**EXERCISE AIM**
This exercise requires an exact output of the listing, images omitted.

**DATASET SECTION**
_ _ _

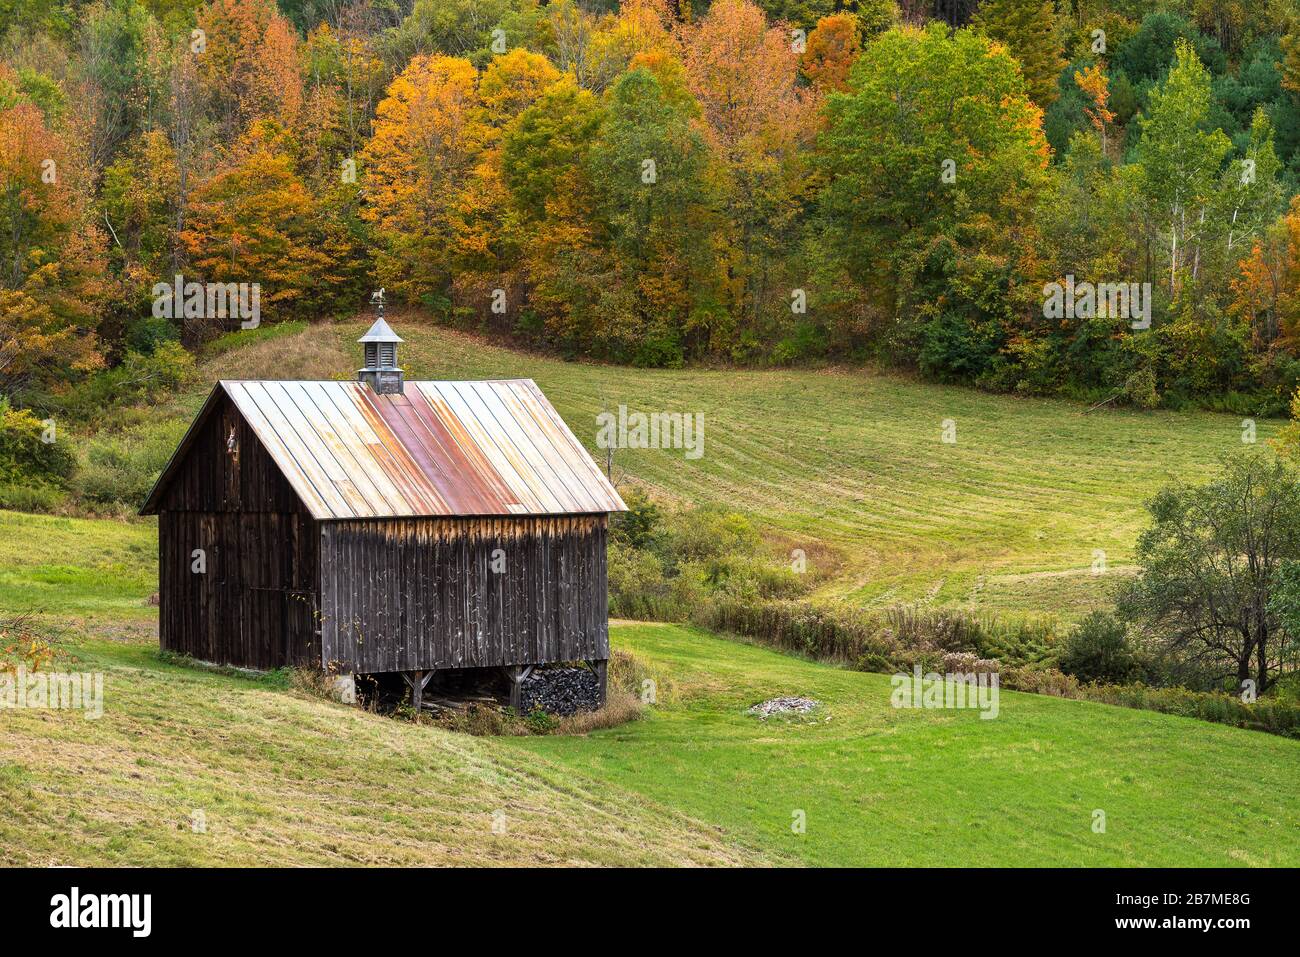 Holzhütte in einem von farbenfrohem Herbstwald überfluteten Medow in einer rollenden ländlichen Landschaft Stockfoto
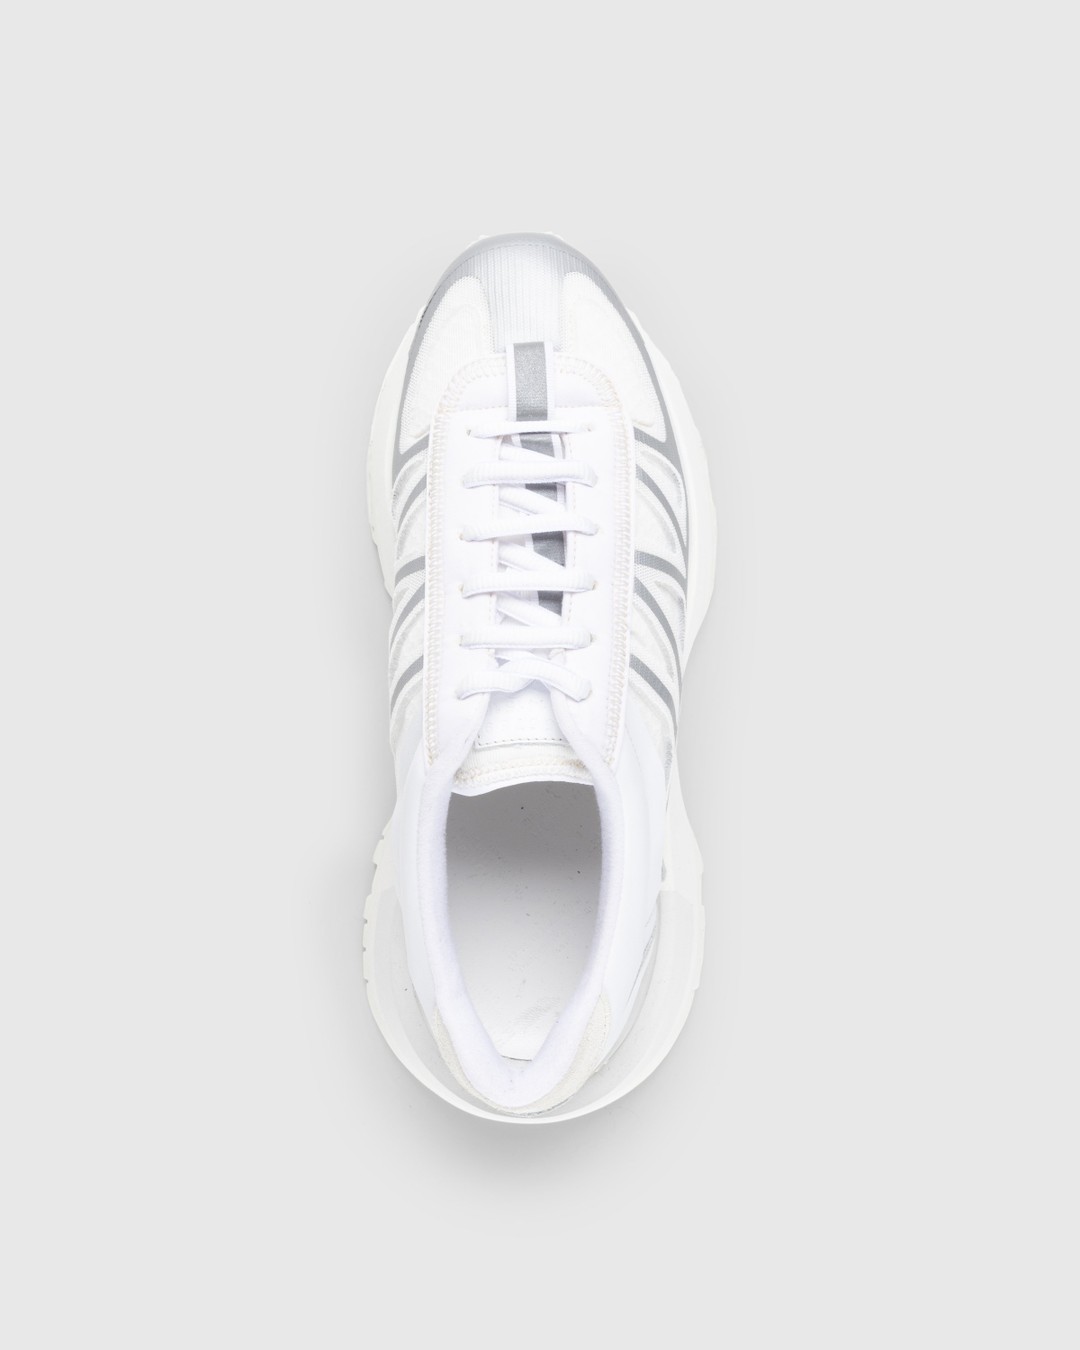 Maison Margiela – 50/50 Sneakers White - Sneakers - White - Image 5
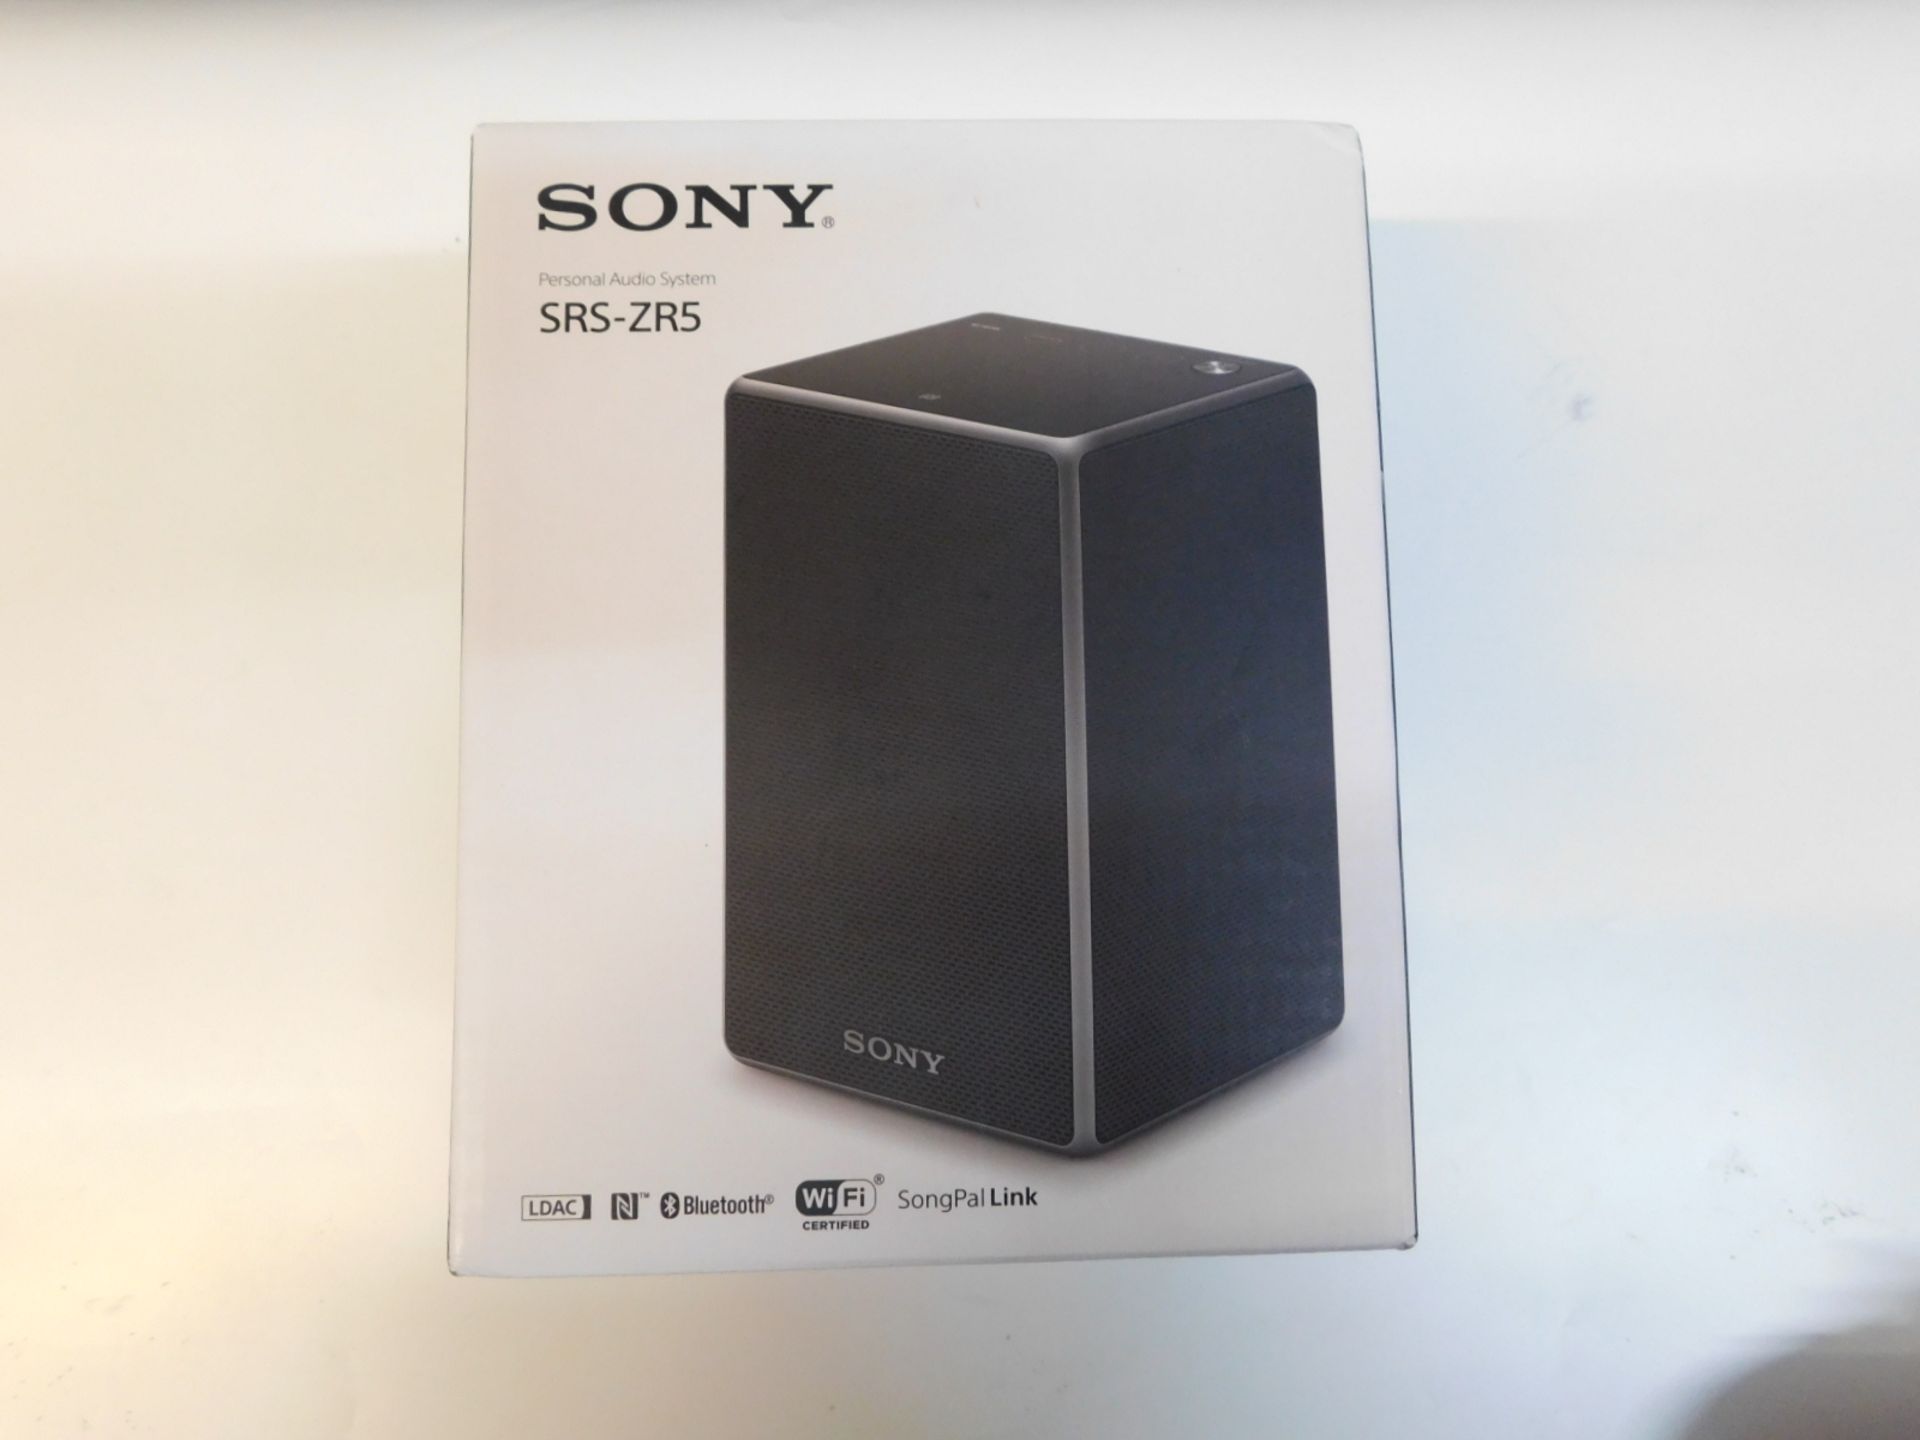 1 BOXED SONY SRS-ZR5 WIRELESS SMART SOUND MULTI-ROOM SPEAKER RRP Â£129.99

_ _ _

**YOUR SOLUTION**
 Holzhütte in einem von farbenfrohem Herbstwald überfluteten Medow in einer rollenden ländlichen Landschaft Stockfoto
 Maison Margiela – 50/50 Sneakers White - Sneakers - White - Image 5
 1 BOXED SONY SRS-ZR5 WIRELESS SMART SOUND MULTI-ROOM SPEAKER RRP Â£129.99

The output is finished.